RESOLUTION: Yes. This is allowed, with strong cautions as to performance impacts.

REOPENED on December 10, 2002. There is too much concern about impact to performance and
impracticallity of implementation.

CLOSED on December 10, 2002

A whole decade later, programmable blending isn't standard. If we want it, we are forced to use hacks involving auxiliary framebuffers or atomic loads/stores.

It seems like manufacturers are slowly, slowly catching on to the fact that programmable blending can be useful and valuable to developers. Recently, the OpenGL extensions GL_ARM_shader_framebuffer_fetch and GL_EXT_shader_framebuffer_fetch appeared. These extensions offer a "gl_LastFragData" variable to pixel shaders with some caveats: Multiple Render Targets may not be supported, depth and stencil data is not available without another extension, and floating-point buffers are not supported.

The most obvious problem with programmable blending performance stems from how the GPU cannot exploit mathematical properties of the blending function. For instance, there is no way to tell if blending is commutative or associative, so if a group of triangles are submitted, and some of the triangles overlap in framebuffer space, blending correctly requires rendering each triangle one-at-a-time. This could be mitigated by extensions like GL_INTEL_fragment_shader_ordering which gives shaders more control over the order of memory operations.

I feel that standard-writers cannot ignore programmable blending. Developers want to have more flexible blending capabilities instead of being forced to use hacks and workarounds. Plus, framebuffer-fetch is part of Apple's Metal API, meaning it is already a part of millions of devices on the market today.
 
My understanding has always been that framebuffer fetch is undesirable because it inserts a dependency that can be fairly high latency; the read can't happen until all older pixels that can write to the framebuffer have written to the framebuffer. And this means the hardware has to support this type of dependency tracking, although I don't know if this is any real problem with all of the other synchronization types the GPU needs to support.
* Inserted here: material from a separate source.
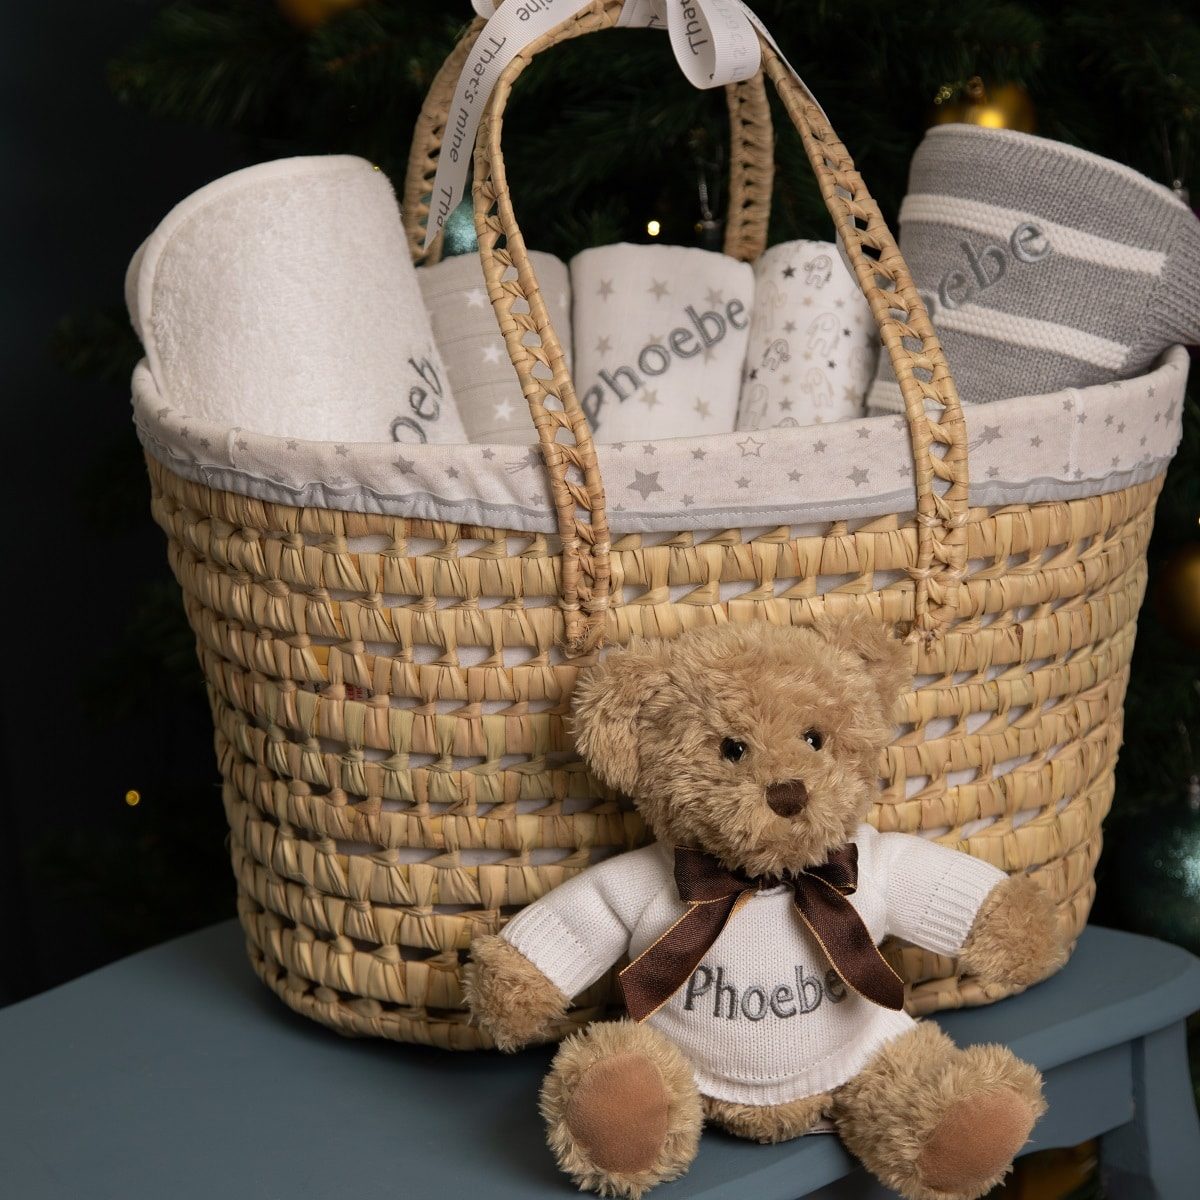 Personalised white and grey baby gift basket with sherwood bear soft toy

There's a similar issue with the depth buffer and fragment reject but since that's such an entrenched feature GPUs had to support it, albeit not without a big performance cost.

By having blending as a separate function it can be serialized in a way that's decoupled from the fragment shader and pipelined in a way that's as low latency as possible. It seems to me like it'd be more preferable to have a different type of shader for blending than relying on doing it in the fragment shader using framebuffer fetches.

EDIT: There's a really good description of the issues here:

https://fgiesen.wordpress.com/2011/07/12/a-trip-through-the-graphics-pipeline-2011-part-9/
 
Last edited:
My understanding has always been that framebuffer fetch is undesirable because it inserts a dependency that can be fairly high latency;
I thought some architectures append code at the end of the pixel shader to perform blending? Also why would a memory fetch from the render target be any different from any other memory access in a shader... shouldn't the massive parallelism of the GPU hide this latency?
 
I thought some architectures append code at the end of the pixel shader to perform blending? Also why would a memory fetch from the render target be any different from any other memory access in a shader... shouldn't the massive parallelism of the GPU hide this latency?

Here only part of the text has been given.